China was the country targeted by the most governments for protectionist measures. Although leaders of the Group of 20 large economies unanimously pledged not to resort to protectionism in 2008 and 2009, virtually all of them slipped at least a little bit. Russia increased tariffs on imported automobiles, India raised tariffs on steel imports, and Argentina established new obstacles to imported auto parts and shoes. Also, in 2009 the United States imposed tariffs of between 25 and 35 percent on imports of tires from China for the next three years. This policy essentially priced out of the market 17 percent of all tires sold in the United States and forced up the market price for consumers.

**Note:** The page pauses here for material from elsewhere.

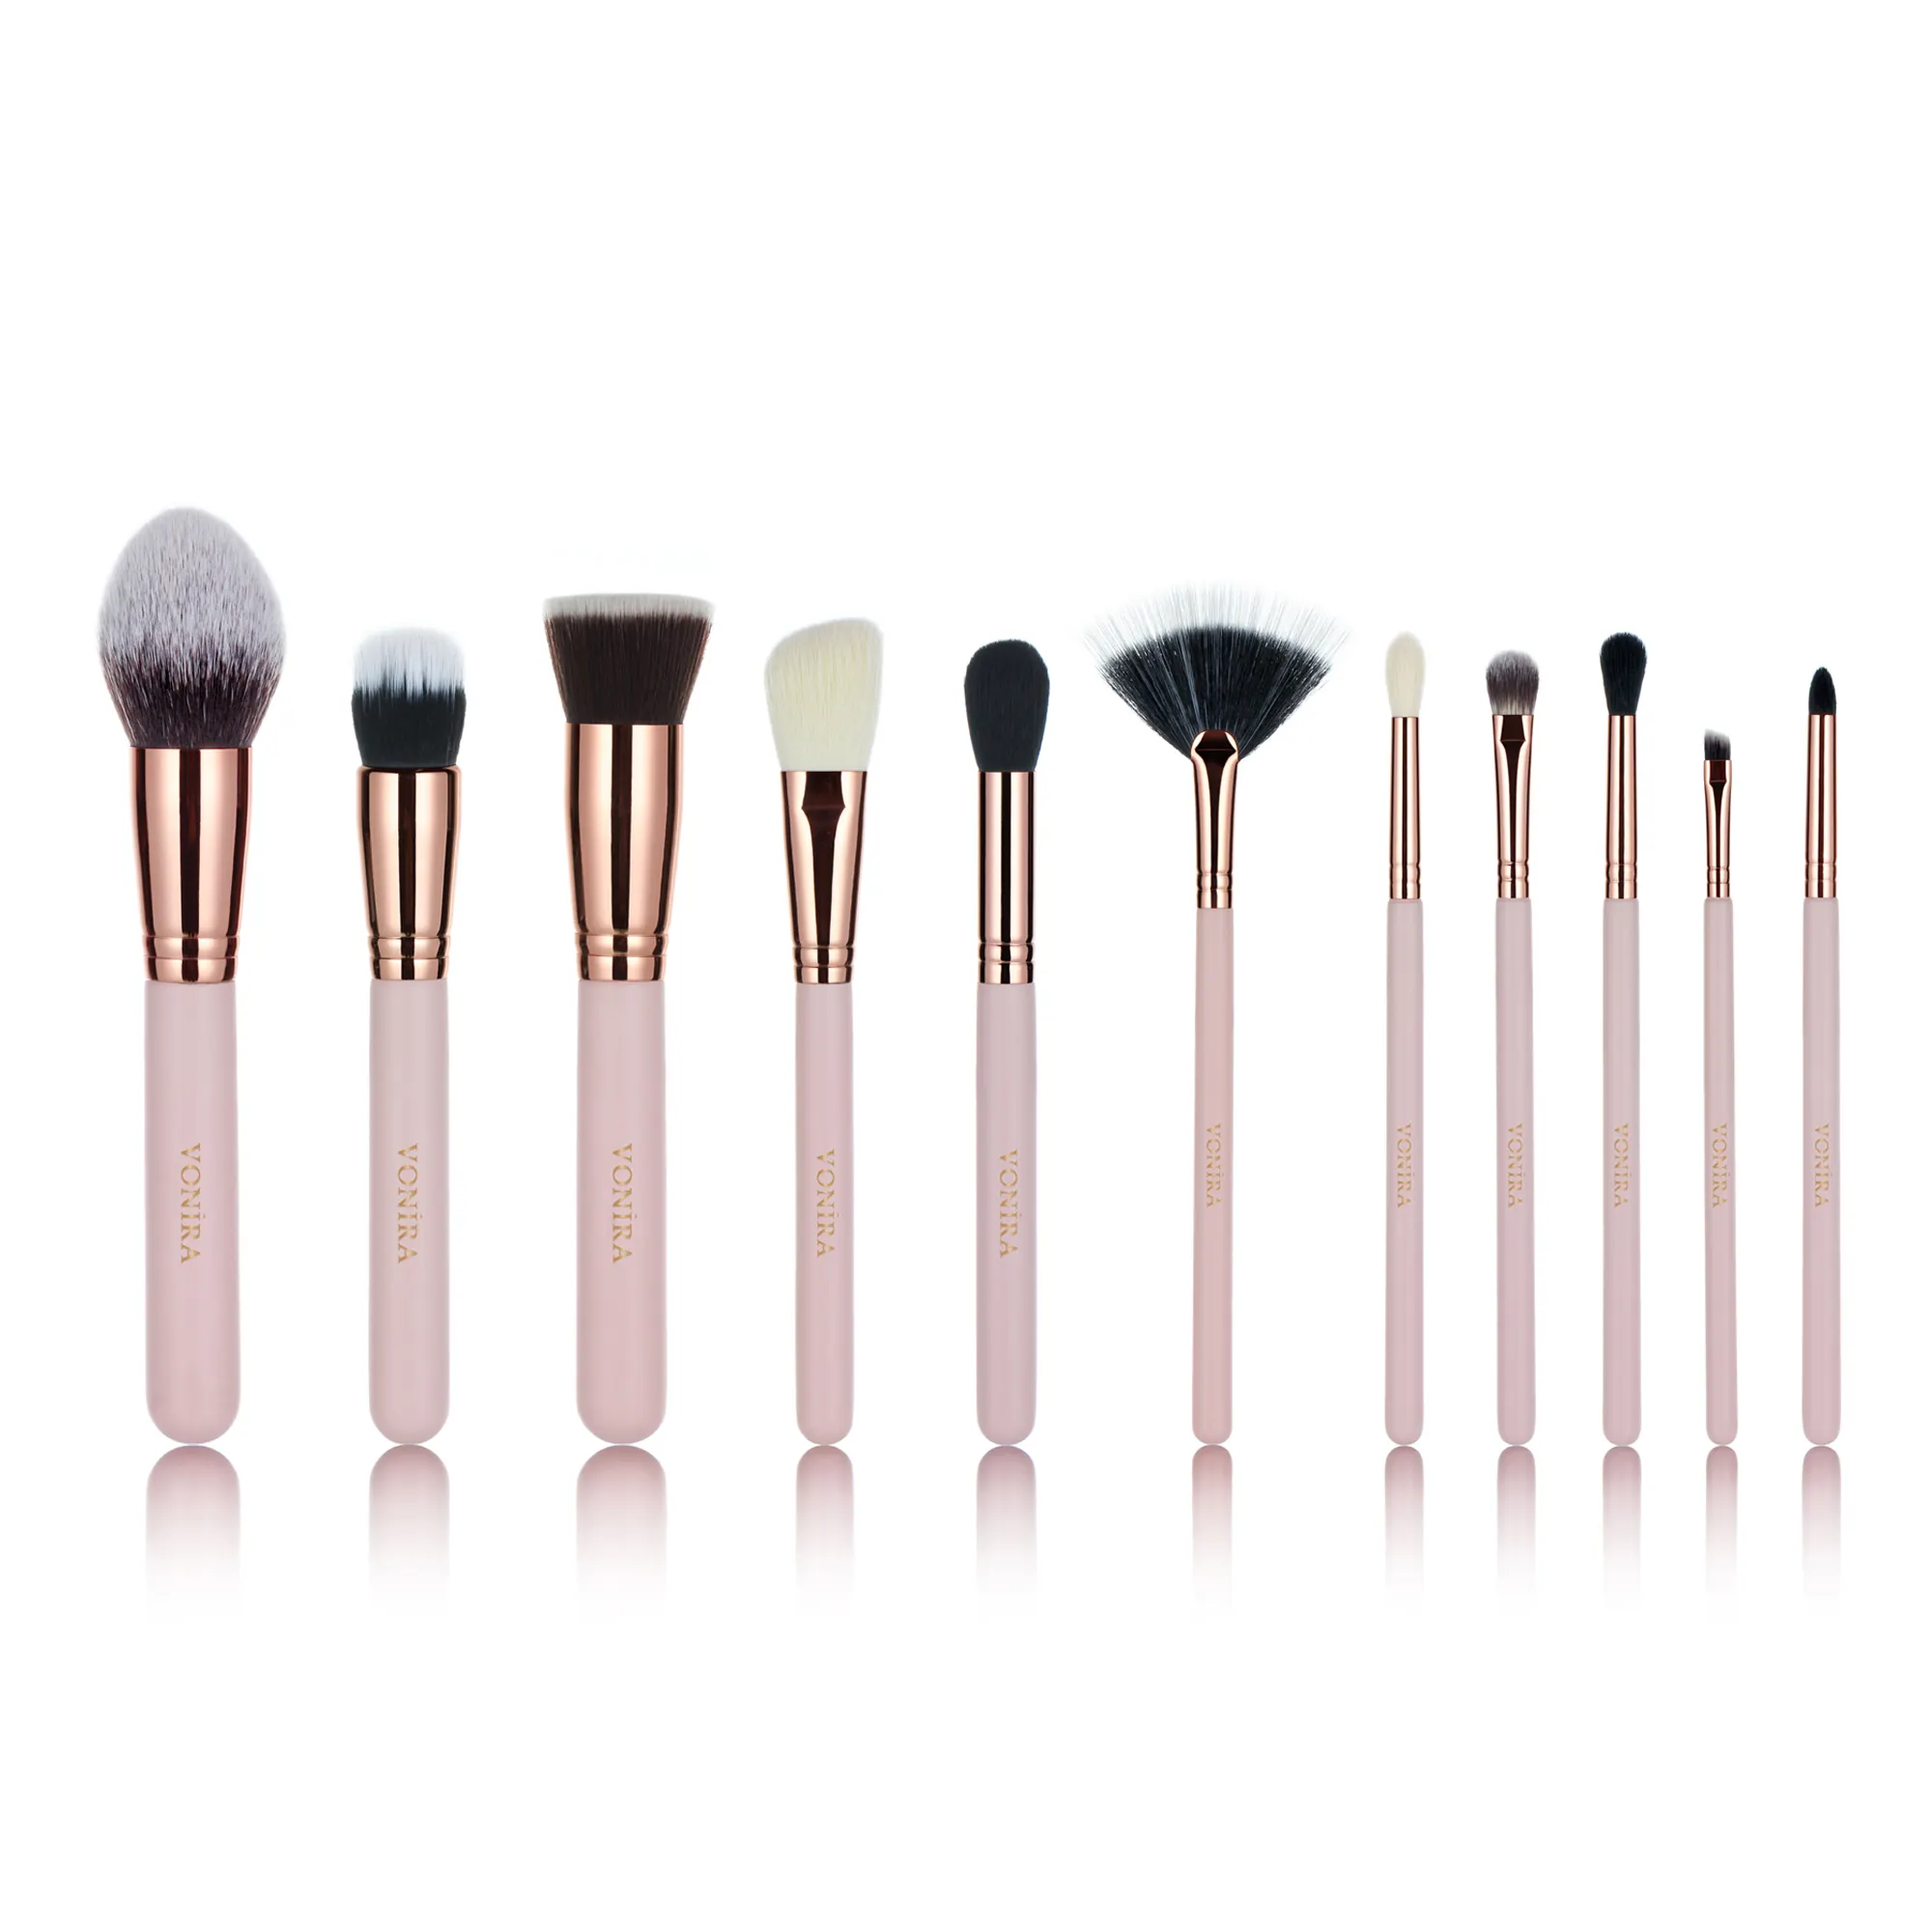 Private Label Makeup Brushes Vonira Private Label Professional 11pcs Soft Vegan Synthetic Hair Makeup Brush Set With Rose Gold Copper Pink Wood Custom

During the Great Depression of the 1930s, countries raised import tariffs to protect producers damaged by foreign competition. The United States increased import tariffs on some 20,000 goods that provoked widespread retaliation from its trading partners. Such tariff increases contributed to the volume of world trade shrinking by a quarter. A lesson from this era is that once trade barriers are increased, they can severely damage global supply chains. It can take years of negotiation to dismantle trade barriers and years before global supply chains can be restored. Despite this lesson, governments have continued to adopt protectionist policies as their economies slide into recession.


What do you think? Concerning international trade policy, why do countries sometimes become more protectionist as their economies fall into recession?